The physical practice of yoga tends to attract people seeking who are actively seeking to maintain a healthy lifestyle. Unfortunately, like any place where human beings gather, a studio can easily become a breeding ground for pathogens.  The added considerations of heat, perspiration, on-site locker rooms, and shared resources such as mats, blocks, and blankets, further contribute to the challenge of maintaining hygiene while practicing yoga in a public space. 

While most studios are fastidious about cleanliness, there are additional personal precautions yoga teachers and students can take to reduce the risk of infection or transmission.  Below are five tips for protecting yourself and your students in cold season, flu season, or during a state of heightened alarm concerning public health.
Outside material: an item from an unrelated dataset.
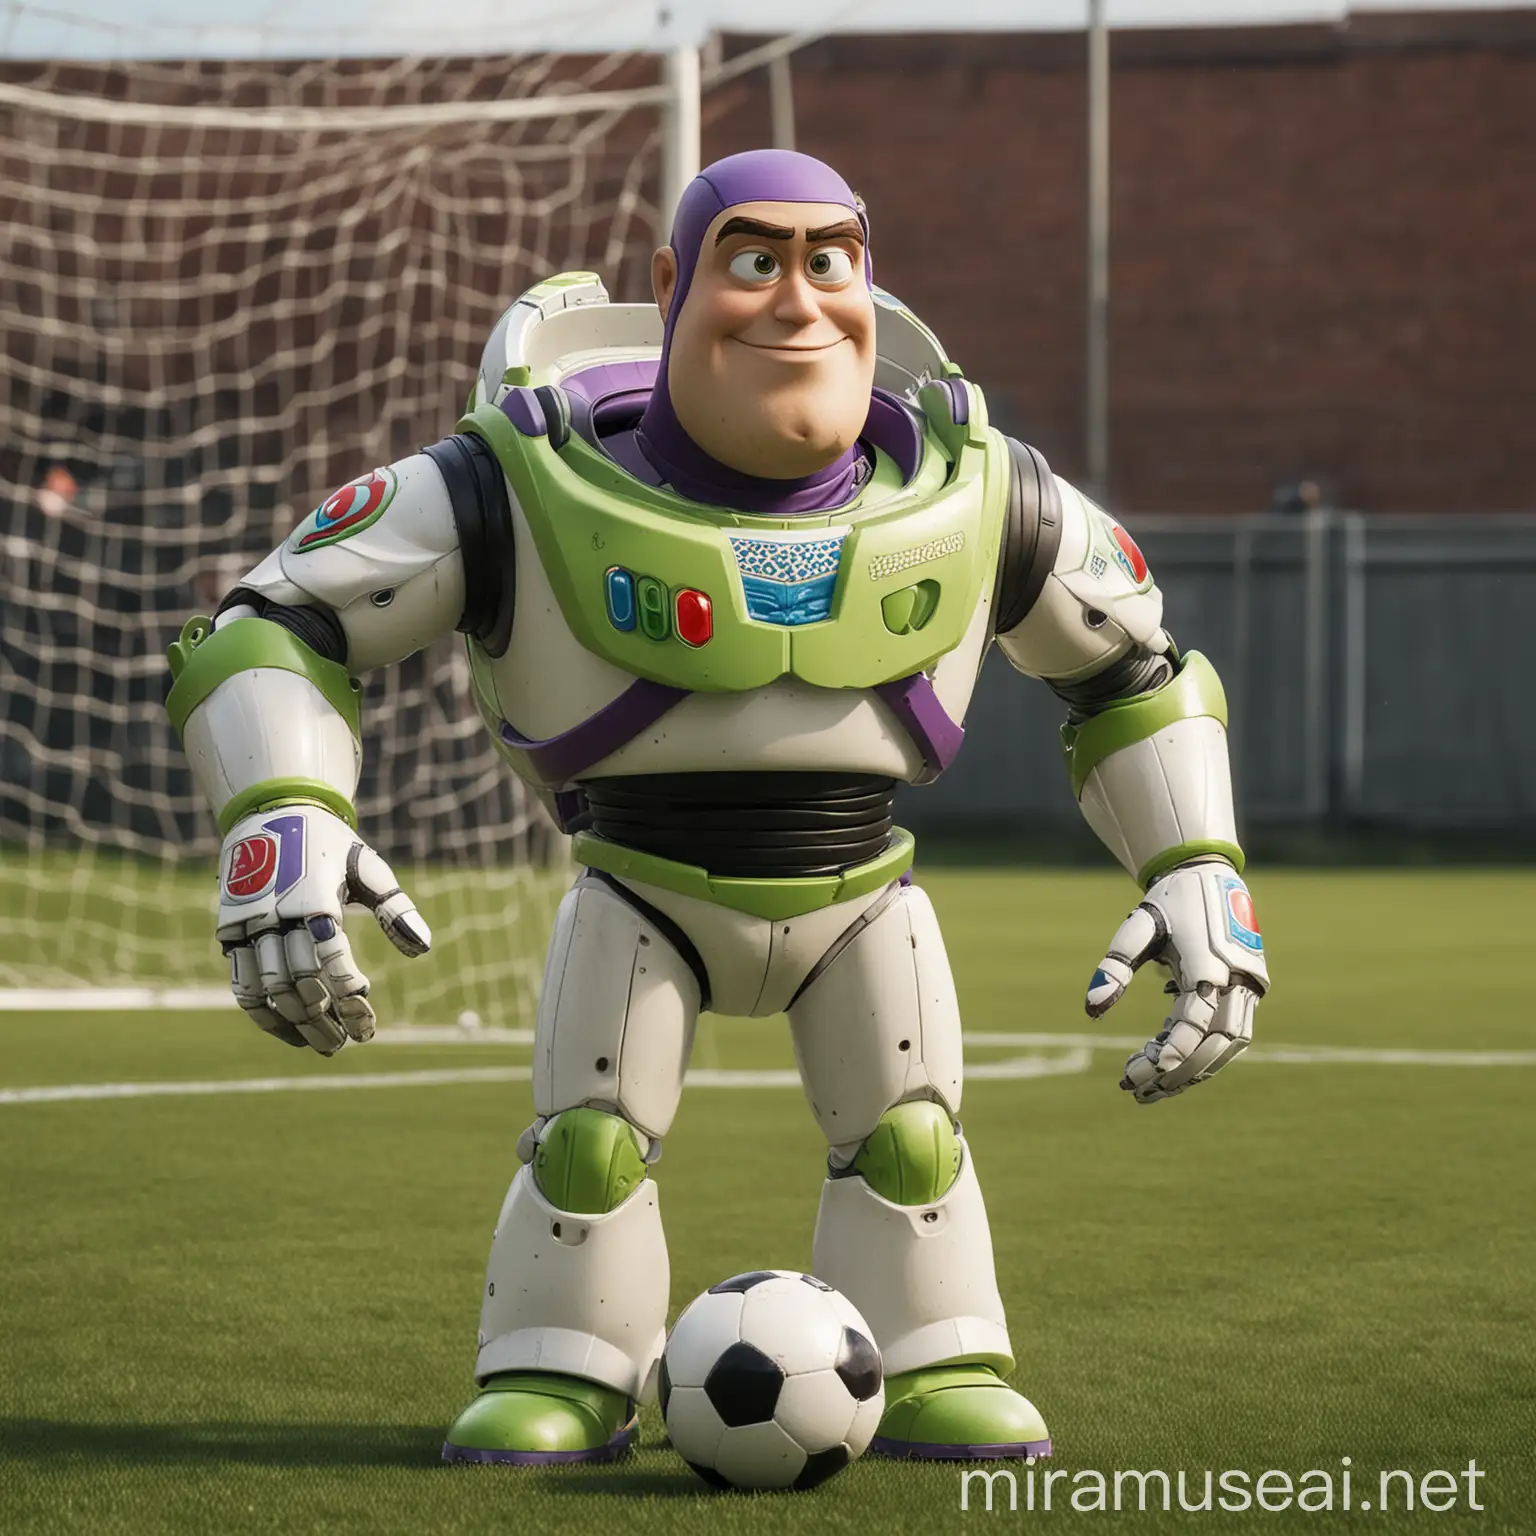 Buzz Lightyear Playing 11ASide Football
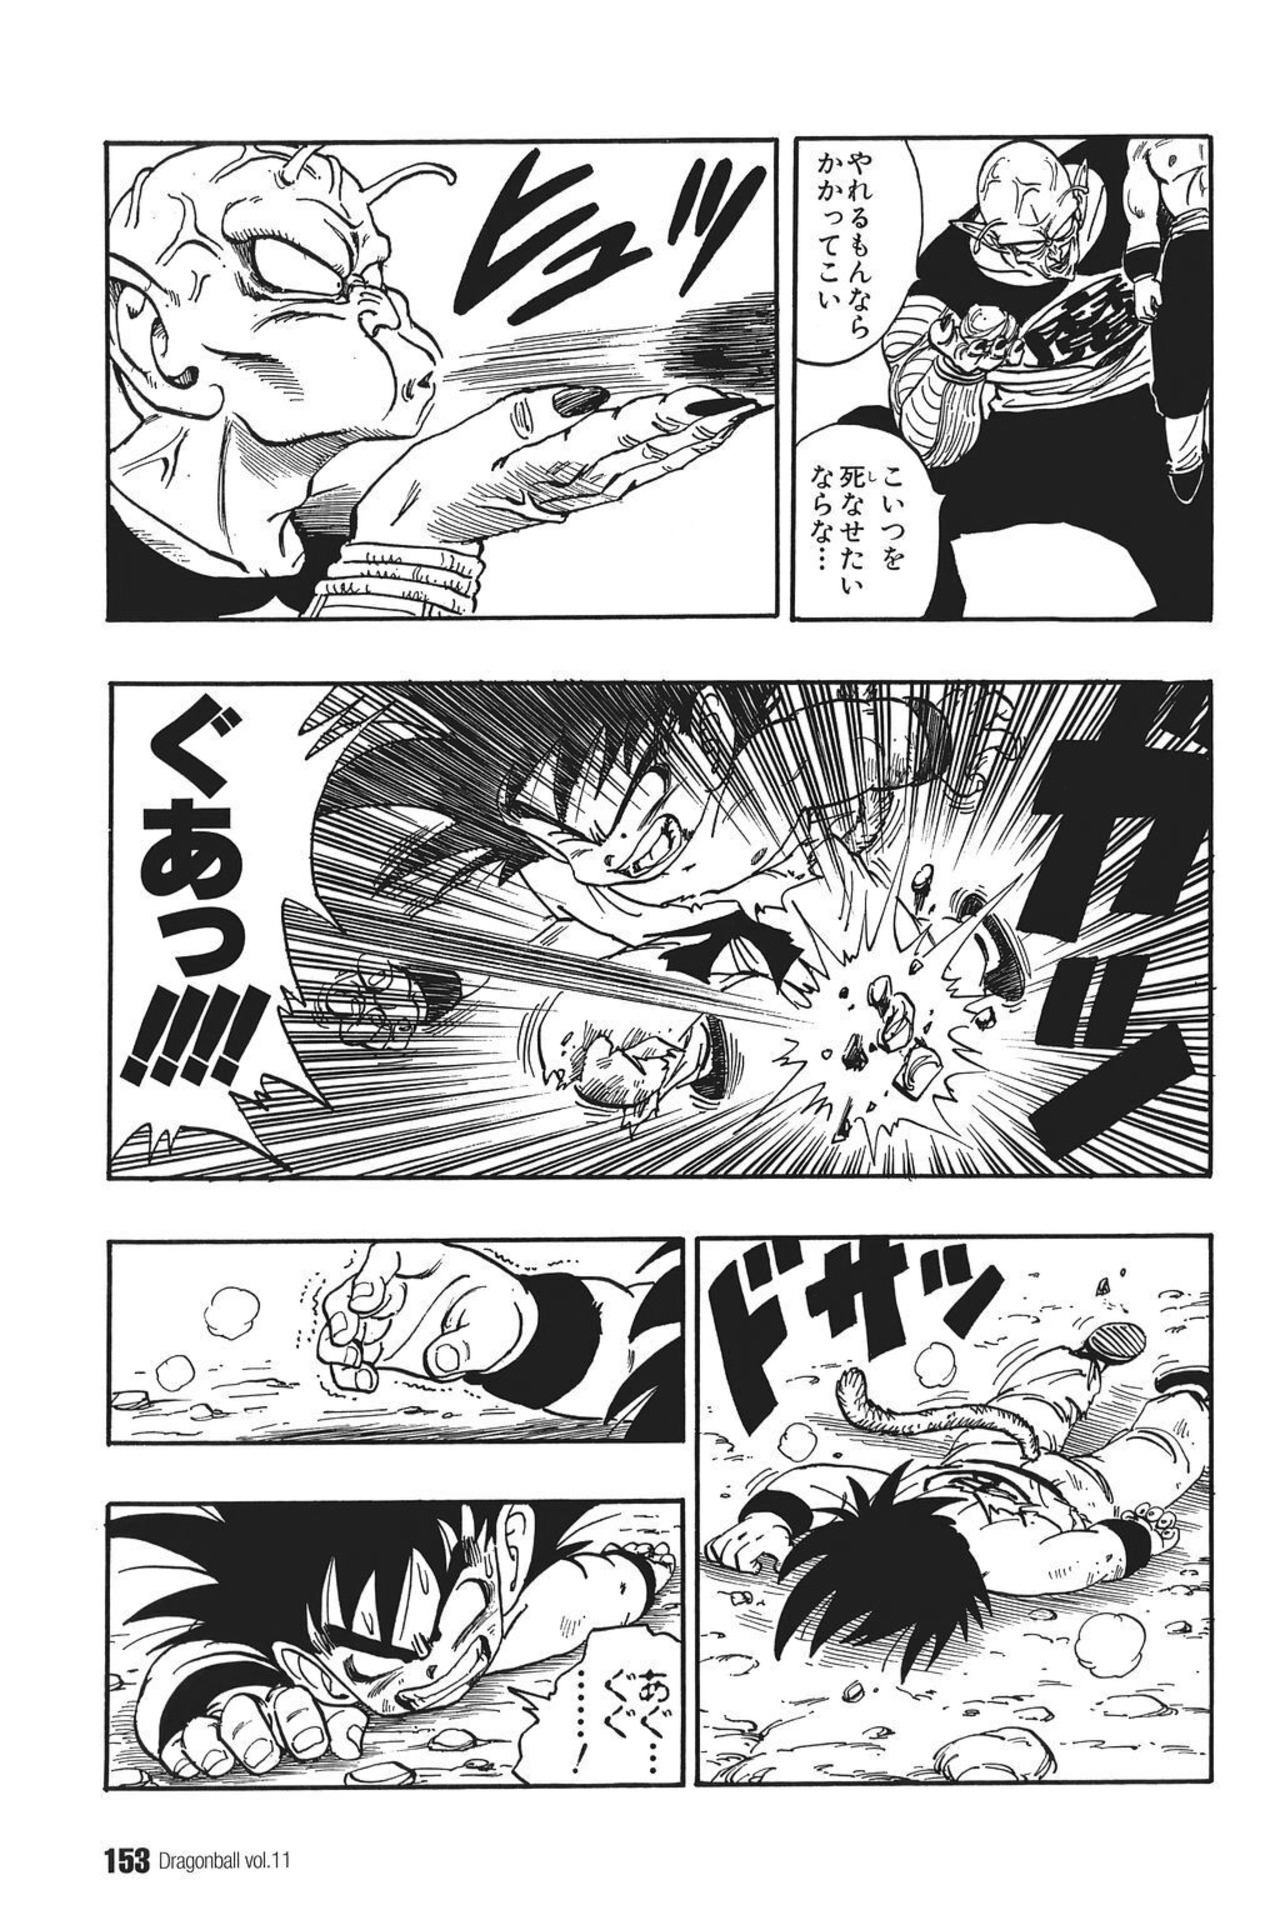 goku naruto ichigo and luffy vs scp 682 avater - Battles - Comic Vine

1) Wash Your Hands Properly and Often

According to the Centers for Disease Control, hand washing is one of the most effective ways to prevent the transmission of germs, provided it is done properly.  Just as important is when you wash your hands.  The yoga student and the instructor should always wash hands before and after a class, as well as before and after handling any kind of food or drink, or using the lavatory.

Are you washing your hands correctly?  Most of us don’t realize that effective hand-washing requires a full 20-30 seconds of your time.  To truly minimize the transmission of infection, follow these steps from the CDC:

  1. Wet your hands with clean, running water (warm or cold), turn off the tap, and apply soap.

  2. Lather your hands by rubbing them together with the soap. Lather the backs of your hands, between your fingers, and under your nails.

  3. Scrub your hands for at least 20 seconds.  (Tip: hum “Happy Birthday” two times, all the way through.)

  4. Rinse your hands well under running water.

  5. Dry your hands using a clean towel, or air-dry them.  It’s extremely important to dry your hands completely, as bacteria colonize more readily on moist surfaces.

  6. Use a Paper Towel to turn off the sink, as well as to open the door of a lavatory in a public space, then immediately dispose of it in a waste bin.

It’s also important to use hand sanitizer, especially in a yoga studio.  We’ll cover that below.  However, hand-washing hygiene raises and additional, often overlooked point:

2) Avoid Wearing Jewelry To The Yoga Studio, And Keep Fingernails Short

As PYI’s Pain Management and Clinical Yoga Therapy instructor Beret Kirkeby, C-IAYT LmT, points out it’s best to keep jewelry extremely minimal at a yoga class, and to keep nails trimmed short and clean. Jewelry that is not regularly cleaned can have bacteria levels up to ten times higher than those on the skin, even immediately after washing hands.  Jewelry that is not worn on the hands, such as necklaces and earrings, is sanitized even more rarely. Moreover, long nails, both natural and artificial, are breeding grounds for bacteria, and most people do not sufficiently clean their nails when washing their hands.  While they may look attractive, by wearing your nails long, you create more surface area on your hands where pathogens can lurk.

3) Use Hand Sanitizer In Addition to Proper Hand-Washing

While washing the hands with soap and water is always indicated at obvious times, such as before and after a class, handling food, or using the lavatory, proper use of hand sanitizer can also qualify as effective hand-washing (or a follow-up to hand-washing), provided that the hands are not visibly soiled, or that you haven’t come into contact with another person’s bodily fluids.

According to Ms. Kirkeby, an alcohol-based rub is the preferred method for hand sanitation.  To sanitize hands properly, ensure that you dispense the recommended amount of product (written on the container) into the palm of one hand.  Rub hands together, making sure to cover the surface area of both hands completely, including the undersides of the fingernails, until hands are dry.  Hand sanitizer can also be used a second step after washing with soap and water.

While some yogis may be resistant to hand-sanitizer because of beliefs that it is “not organic,” contributes to antibiotic resistance, or is ineffective, it is important to note the CDC’s guidelines during flu and virus season. While proper soap and water hand-washing is more effective than hand sanitizer on certain germs, such as norovirus and C. diff, alcohol-based hand sanitizers are the preferred method used by healthcare providers to prevent the spread of disease, provided they are at least 60% alcohol.

During a public health alarm such as an infectious disease outbreak or a flu epidemic, yoga professionals and their clients can wear disposable medical gloves when doing any work with students that requires physical touch, discard the gloves immediately upon completion of the session, then wash hands.  Hands-on adjustments should be avoided in classes of more than one student during periods of concern about contagion or in high-risk settings, as it’s not practical for the instructor to change gloves for every student. 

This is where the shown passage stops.